In short, the guy is clueless. If we followed his advice, we would all wreck our lives quitting our meds.

Many people learn to manage their illness without meds, but this is a long process taking years to master and is full of high risks. Moreover, there are no guarantees. To simply advise people to go cold turkey on their meds with no recovery tools in place, with no mastery of the necessary cognitive skills, is highly irresponsible.

I've been around way too many people where giving up meds is simply not an option. Breggin and his antipsychiatry followers obviously have never taken the trouble to listen to these people.

Welcome to "Knowledge is Necessity." Keep posting.

Anonymous said...

You're giving Stan a bigger podium than he deserves.
He's a provocateur who's done nothing in life aside from fighting with everyone and bitching all the time.

I was his friend a few years ago, many were NO ONE is anymore...

Sal

John McManamy said...

Hi, Sal. I totally agree with you about giving people like Stan a bigger podium than they deserve. I would much rather be writing about issues that relate to our self-knowledge and our recovery, but every once in a while I need to draw attention to the idiots who claim to speak in our name.
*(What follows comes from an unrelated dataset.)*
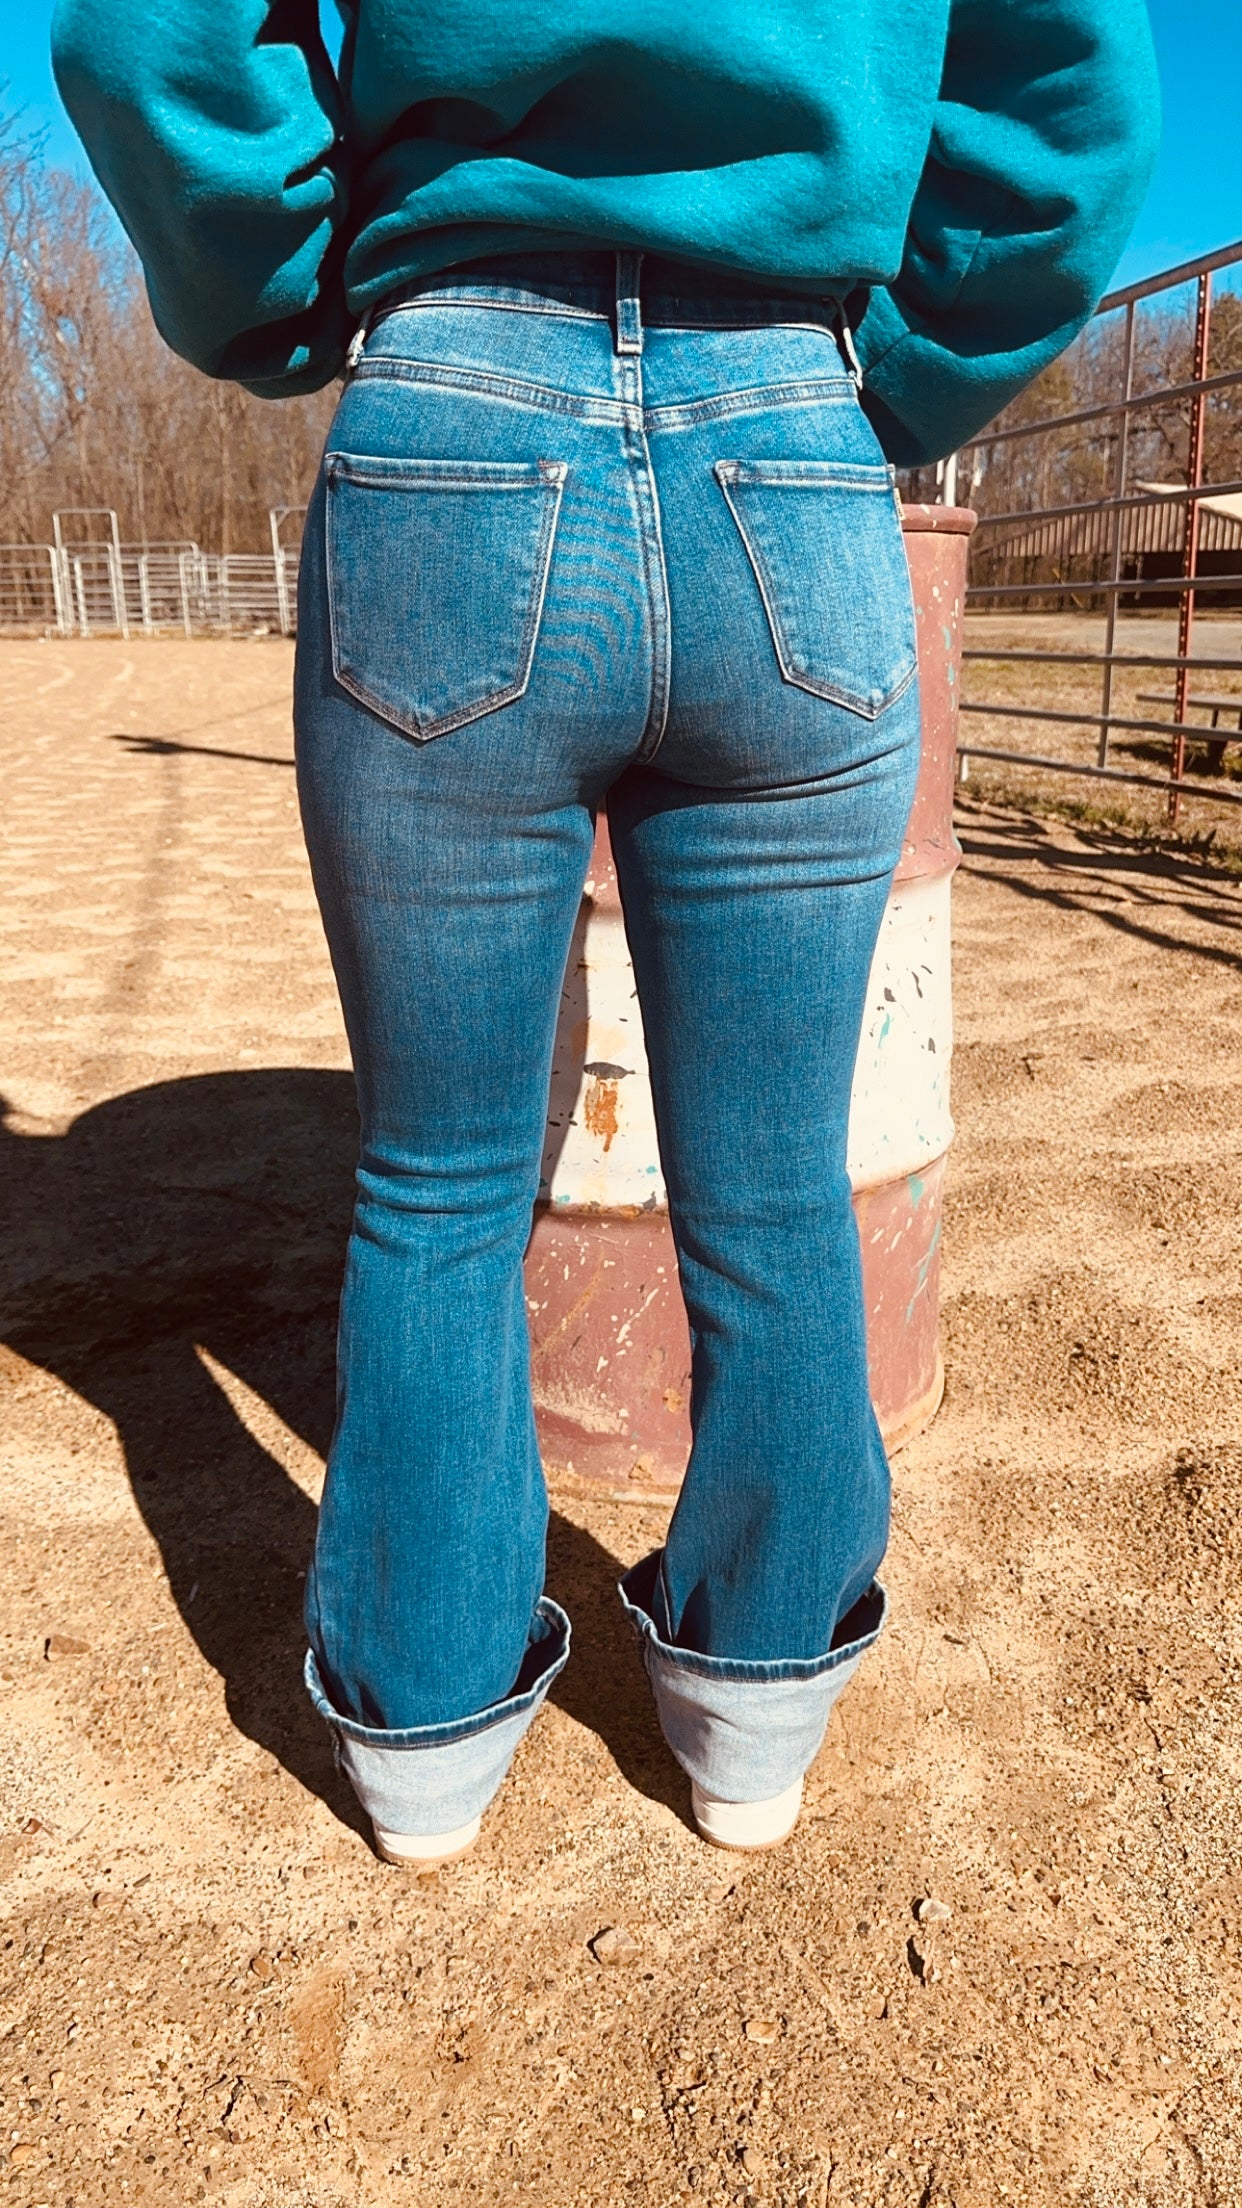 The Loretta flare jeans

As your comments imply, we are dealing with very unpleasant people who do not have their behavior under control.

Just about everyone with a brain is sick of them, judging by the comments to this blog post and the number of visits this post has drawn.

Every once in a while, tough, I feel compelled to confront their stupidity with facts, but - be assured - I will never lose sight of what this blog is really all about.

Welcome to "Knowledge is Necessity," Sal. Please keep coming back and posting.

John McManamy said...

To Herb:

Hi, Herb. I absolutely agree with your sentiment in the last paragraph of your comment, but I had to edit it out, as it's the kind of thing one says in private rather than public. Otherwise, here's your complete post:

“You're giving Stan a bigger podium than he deserves.” --- Sal

I certainly would agree with Sal. Unfortunately and in my opinion Stan also utilizes his podium to be prosecutor, judge, jury and hangman all in his own mind. Dissent and/or differing thoughts on his forum are strictly denied.

In this instance the title of his blog sums up the situation in my opinion, “Is Something Not Quite Right With Stan…” only he does not answer the question directly in the affirmative which I believe is evidenced in much of his dialog with himself.

herb said...

Dear John,

In this instance thank you for the editing and I do apologize. I did realize after reading your piece, the comments and then hitting the send key the inappropriateness of my remarks much like some of those I object to as I read a number of other forums.

Once again thanks and keep up the good effort to share a more balanced and reasonable perspective not only on the serious issues of major mood disorders but the horrific nature of these illnesses as well and the extreme difficulty of obtaining some degree of wellness as well as long-term remission.

Warmly,
Herb
VNSdepression.com

John McManamy said...

Hey, Herb. Your remarks weren't inappropriate and you don't need to apologize. Your last paragraph simply needed editing out. I know how you feel, and what you wrote is a pretty accurate reflection of what I think and what a hell of a lot of us think.

And be assured - you are safe here. Every comment gets vetted by me before it gets posted, so the kind of unconscionable personal attacks you were subjected to on other sites won't happen here.

Anyway, welcome to "Knowledge is Necessity."